The pricing basis and fee standard set forth above have been determined upon arm’s length negotiations between CMC and China Tower. The parties may further negotiate or agree on any applicable adjustments to pricing taking into account any effects of inflation, significant fluctuations in the real estate market or the steel price, or any material change to the business forecast based on the actual business operation of China Tower, etc.

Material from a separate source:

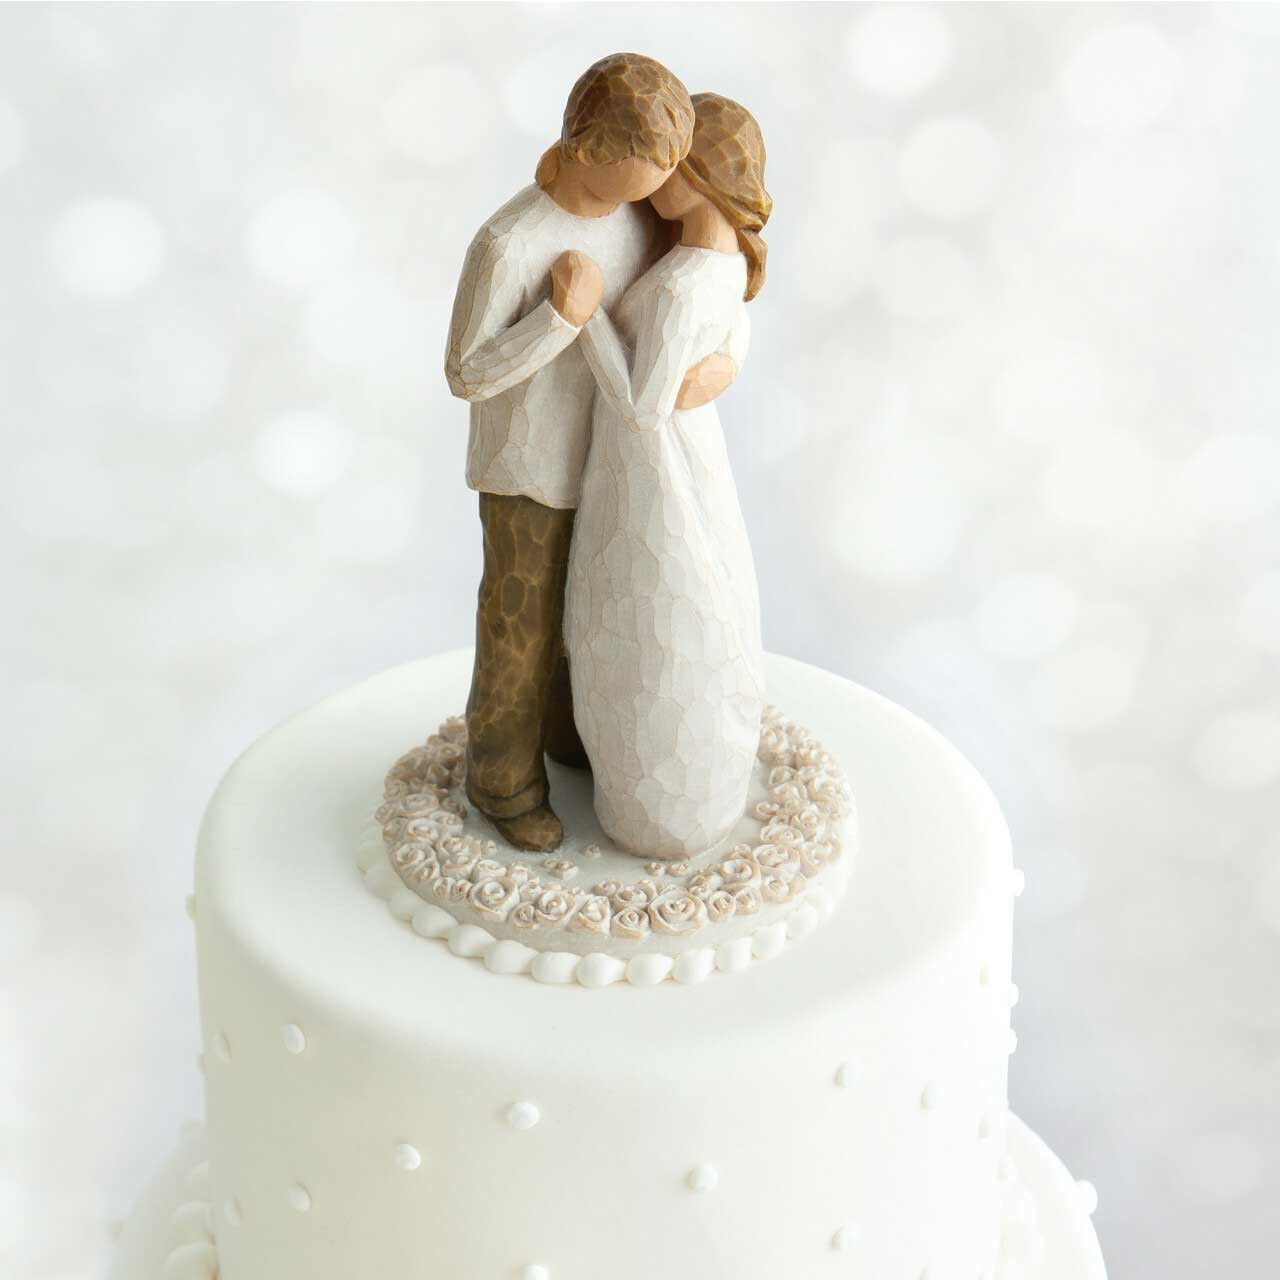 Hold Dear the Promise Cake Topper

Any finance costs payable by China Tower shall be borne by China Tower itself.

 

3. REASONS AND BENEFITS FOR ENTERING INTO THE LEASE AGREEMENT

The Company is of the view that the entering into of the Lease Agreement with China Tower would enable the Company, through the centralization and sharing of telecommunications tower resources, to obtain access to more network infrastructure resources, expand its network coverage at a faster pace and provide higher quality telecommunications services, while at the same time, would also enable the Company to save on capital expenditure. Through the sharing of telecommunications towers and related assets, the Company will benefit from advantages brought by common resources. It is expected that following the further increase in the co-sharing ratio of telecommunications towers in the future, the unit leasing fees will decrease which, in turn, will contribute positively to the Company’s profitability. In addition, as one of the major shareholders of China Tower, the Company expects to benefit from China Tower’s future earnings and value enhancement in the long run.

 

By Order of the Board
China Mobile Limited
Wong Wai Lan, Grace
Company Secretary

Hong Kong, 8 July 2016

 

A-4


FORWARD-LOOKING STATEMENTS

Certain statements contained in this announcement may be viewed as “forward-looking statements” within the meaning of Section 27A of the U.S. Securities Act of 1933, as amended, and Section 21E of the U.S. Securities Exchange Act of 1934, as amended. Such forward-looking statements involve known and unknown risks, uncertainties and other factors, which may cause the actual performance, financial condition and results of operations of the Company to be materially different from any future performance, financial condition and results of operations implied by such forward-looking statements. In addition, the Company does not intend to update these forward-looking statements. Further information regarding these risks, uncertainties and other factors is included in the Company’s most recent Annual Report on Form 20-F filed with the U.S. Securities and Exchange Commission (the “SEC”) and in the Company’s other filings with the SEC.

As at the date of this announcement, the Board of Directors of the Company comprises Mr. Shang Bing, Mr. Li Yue, Mr. Liu Aili, Mr. Xue Taohai and Mr. Sha Yuejia as executive directors and Mr. Frank Wong Kwong Shing, Dr. Moses Cheng Mo Chi and Mr. Paul Chow Man Yiu as independent non-executive directors.